\( \newcommand{\bm}[1]{\boldsymbol{\mathbf{#1}}} \DeclareMathOperator{\tr}{tr} \DeclareMathOperator{\var}{var} \DeclareMathOperator{\cov}{cov} \DeclareMathOperator{\corr}{corr} \newcommand{\indep}{\perp\!\!\!\perp} \newcommand{\nindep}{\perp\!\!\!\perp\!\!\!\!\!\!/\;\;} \)

1.3 Estimation of \(\sigma^2\)

In addition to the linear coefficients \(\beta_0, \ldots, \beta_p\) estimated using least squares, we also need to estimate the error variance \(\sigma^2\), representing the variability of observations about their mean.
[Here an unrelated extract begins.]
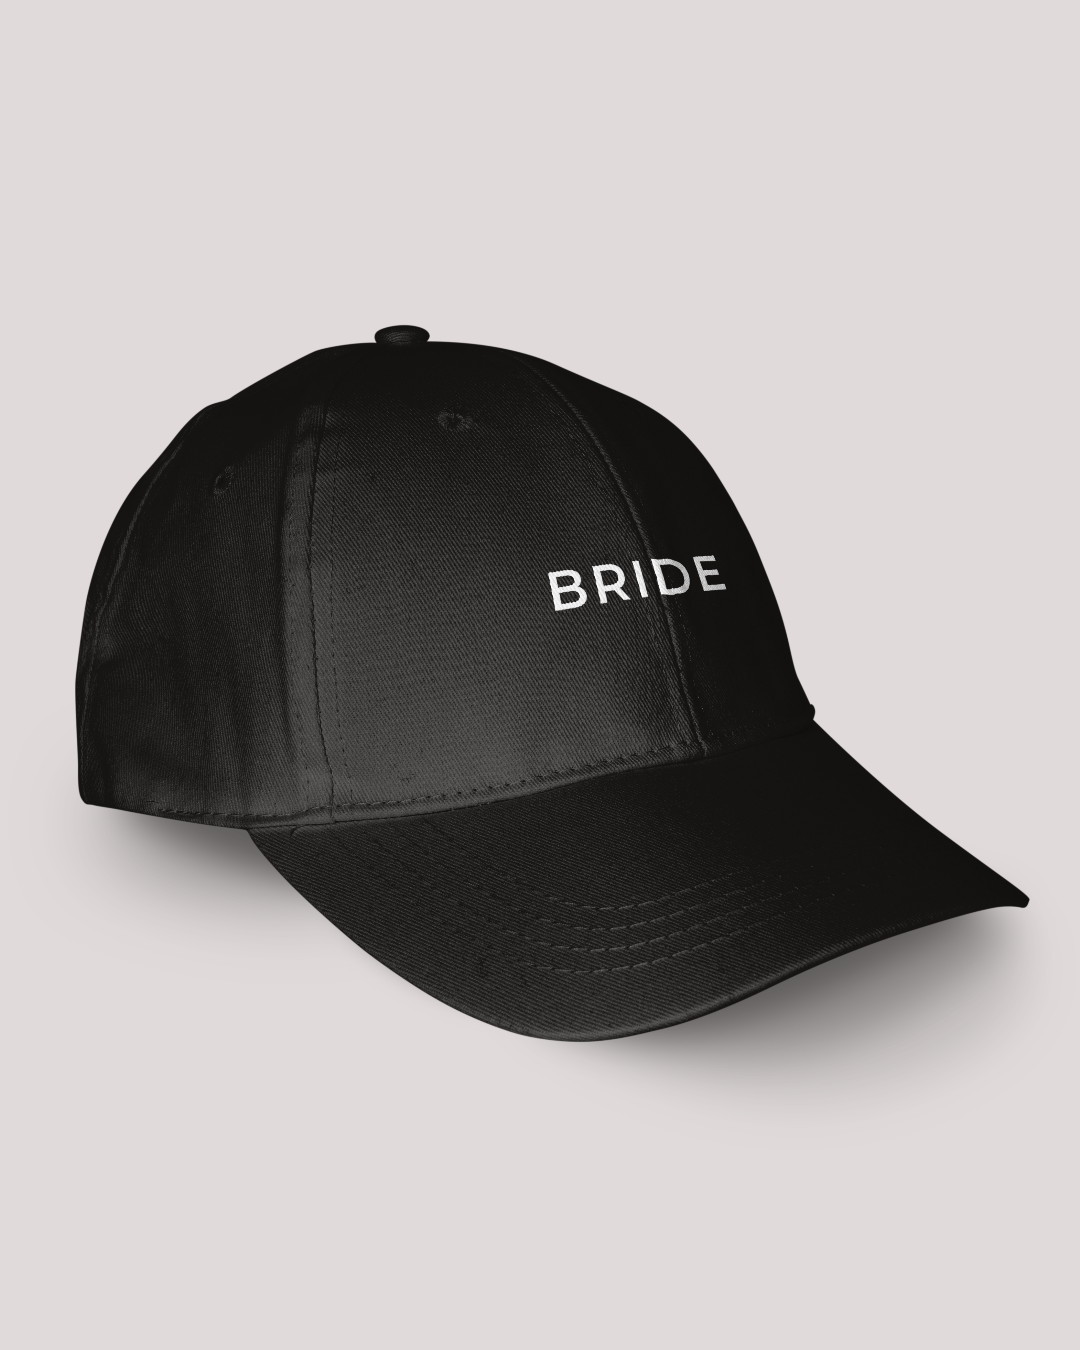 'BRIDE' Cap

We can estimate \(\sigma^2\) using maximum likelihood. Maximising (1.4) with respect to \(\beta\) and \(\sigma^2\) gives \[ \hat{\sigma}^2={D\over n}={1\over n}\sum_{i=1}^n e_i^2. \] If the model is correct, then \(D\) is independent of \(\hat\beta\) and \[ {D\over\sigma^2}\sim\chi^2_{n-p-1} \] \[ \Rightarrow E(\hat{\sigma}^2)={{n-p-1}\over n}\sigma^2, \] so the maximum likelihood estimator is biased for \(\sigma^2\) (although still asymptotically unbiased as \({{n-p-1}\over n}\to 1\) as \(n\to\infty\)). We usually prefer to use the unbiased estimator of \(\sigma^2\) \[ s^2={D\over {n-p-1}}={1\over {n-p-1}}\sum_{i=1}^n e_i^2. \] The denominator \(n-p-1\), the number of observations minus the number of coefficients in the model is called the degrees of freedom of the model. Therefore, we estimate the error variance by the deviance divided by the degrees of freedom.